Low Reynolds Number Model
Theory and Physics
Overview
Teacher! Are low-Reynolds number models the turbulence models that don't use wall functions?
Exactly. Low-Reynolds number (Low-Re) models are turbulence models with damping functions designed to directly resolve the near-wall region, including the viscous sublayer ($y^+ < 5$). They faithfully represent the physics of turbulence at the wall without using approximations like wall functions.
What kind of damping functions are used?
A representative one is the Launder-Sharma (1974) k-ε model, which multiplies the eddy viscosity by a damping function $f_\mu$.
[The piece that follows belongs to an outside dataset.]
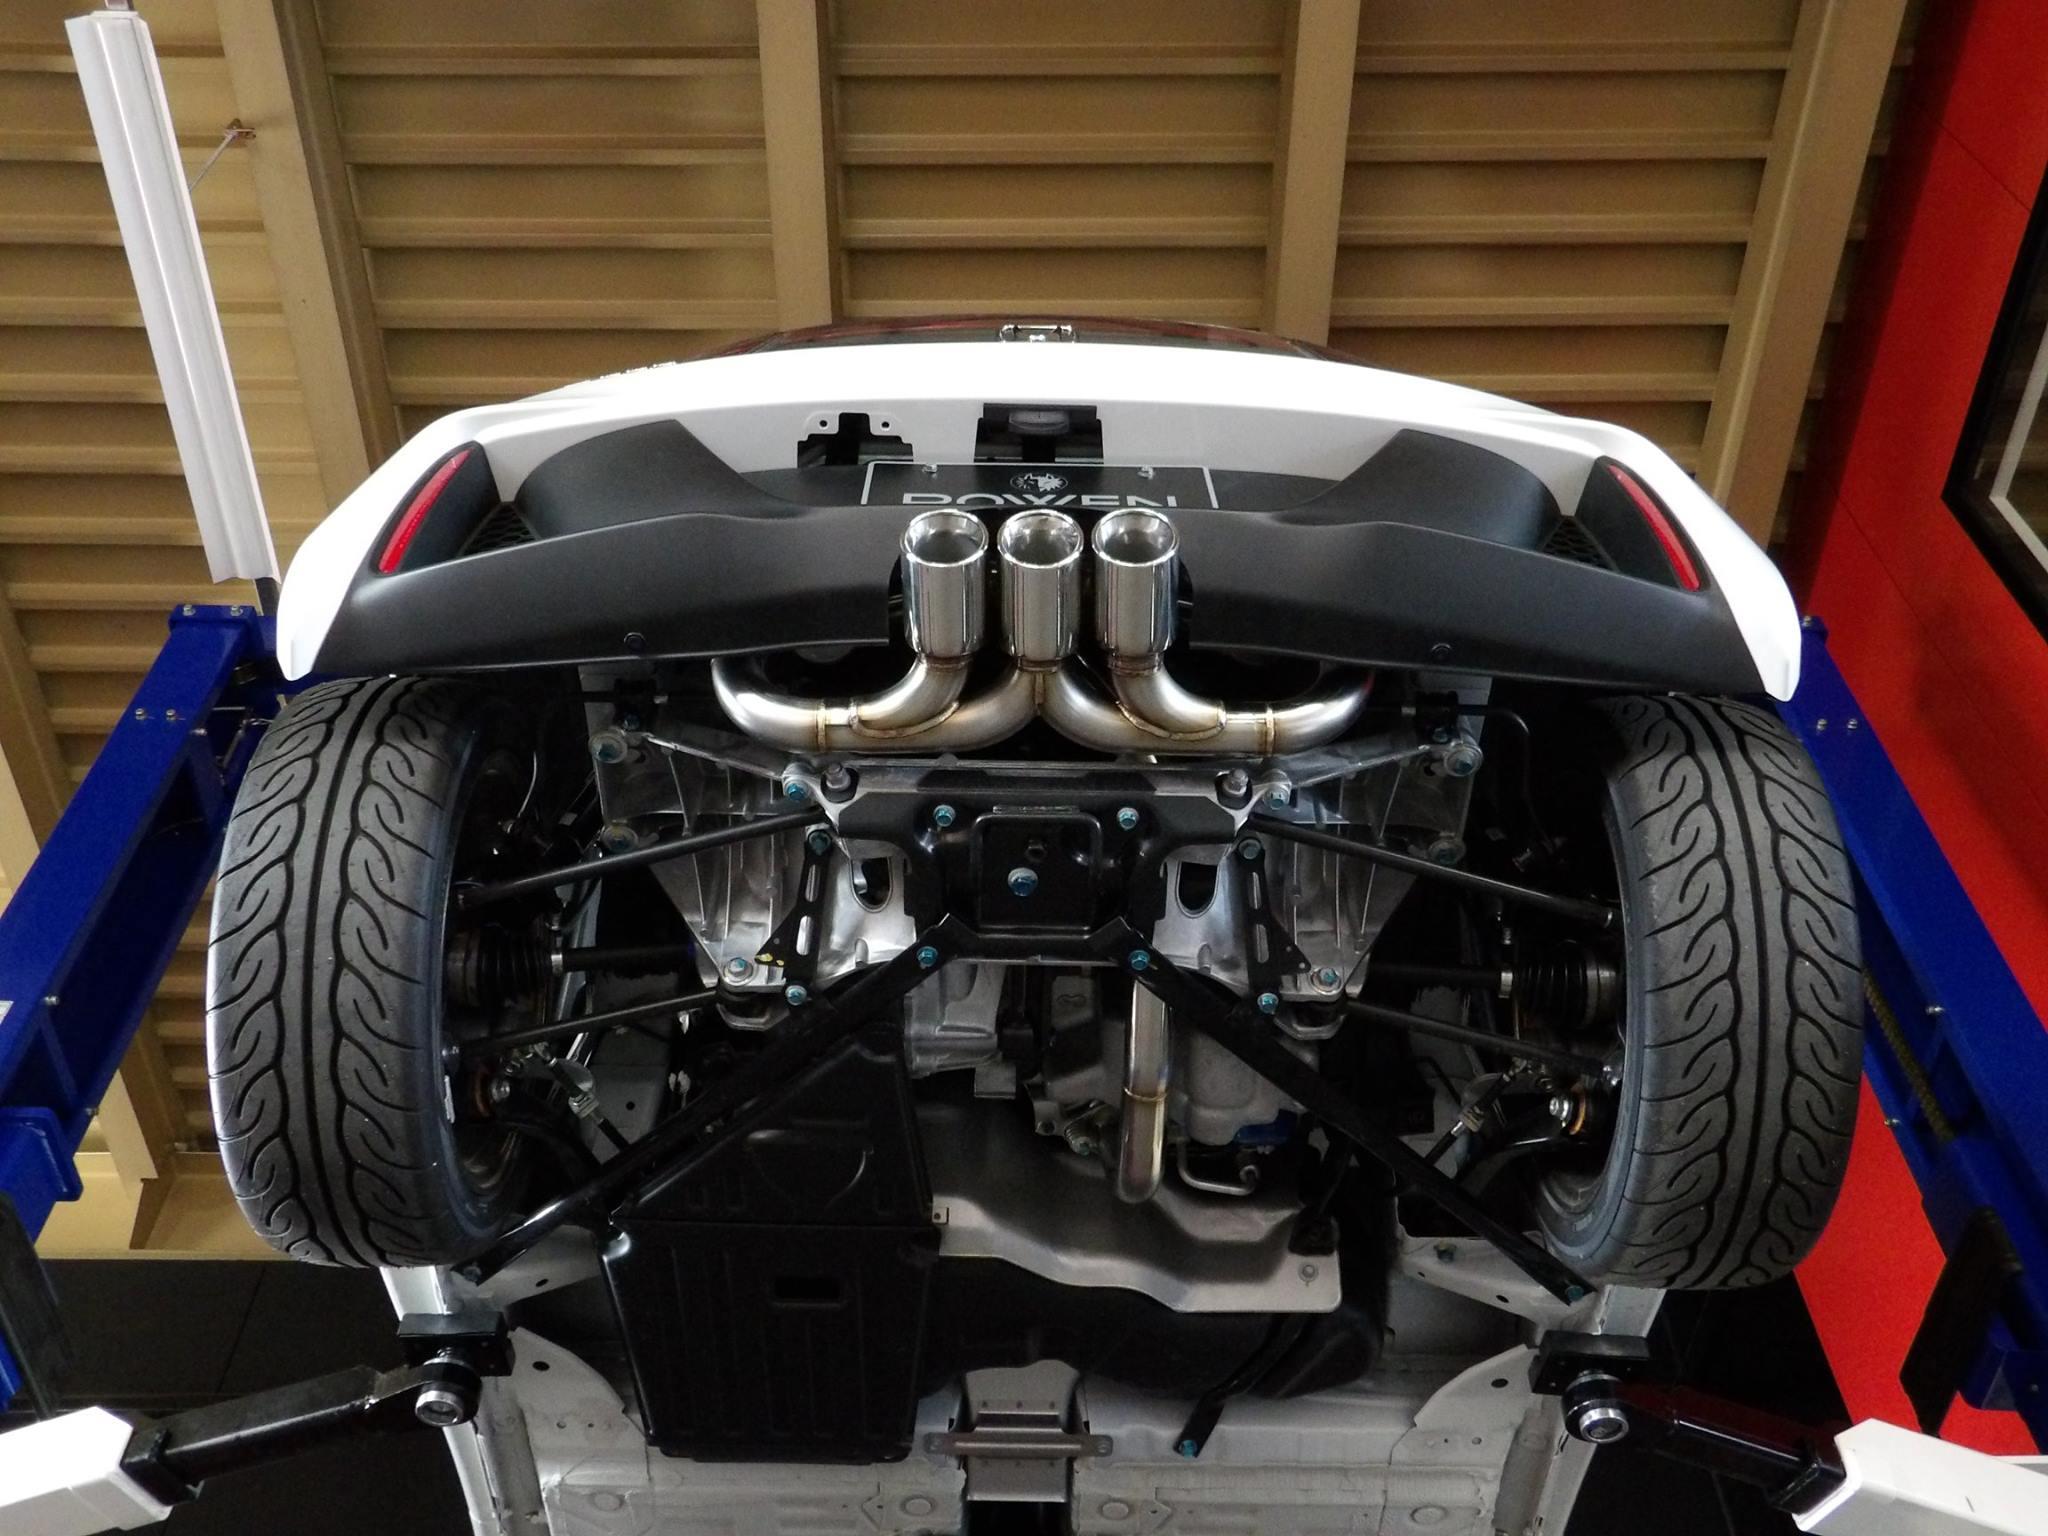 Honda S660 Copies Civic Type R Triple Exhaust In Rowen

At the wall, $Re_t \to 0$, so $f_\mu \to \exp(-3.4) \approx 0.033$, making the eddy viscosity nearly zero. Far away, where $Re_t \gg 50$, $f_\mu \to 1$.
Governing Equations
Is the ε equation also modified?
In the Launder-Sharma model, a variable $\tilde{\varepsilon} = \varepsilon - 2\nu(\partial\sqrt{k}/\partial y)^2$ is used, and the boundary condition $\tilde{\varepsilon} = 0$ is imposed at the wall. Damping functions $f_1$, $f_2$ are also added to the ε equation.
Other famous Low-Re models:
| Model | Year | Damping Function Feature |
|---|---|---|
| Jones-Launder | 1972 | First Low-Re k-ε |
| Launder-Sharma | 1974 | Most widely used |
| Lam-Bremhorst | 1981 | $Re_y$ based damping function |
| Abe-Kondoh-Nagano | 1994 | Uses Kolmogorov scale |
| Yang-Shih | 1993 | Improved near-wall asymptotic behavior |
Mesh Requirements
What kind of mesh is needed to use a Low-Re model?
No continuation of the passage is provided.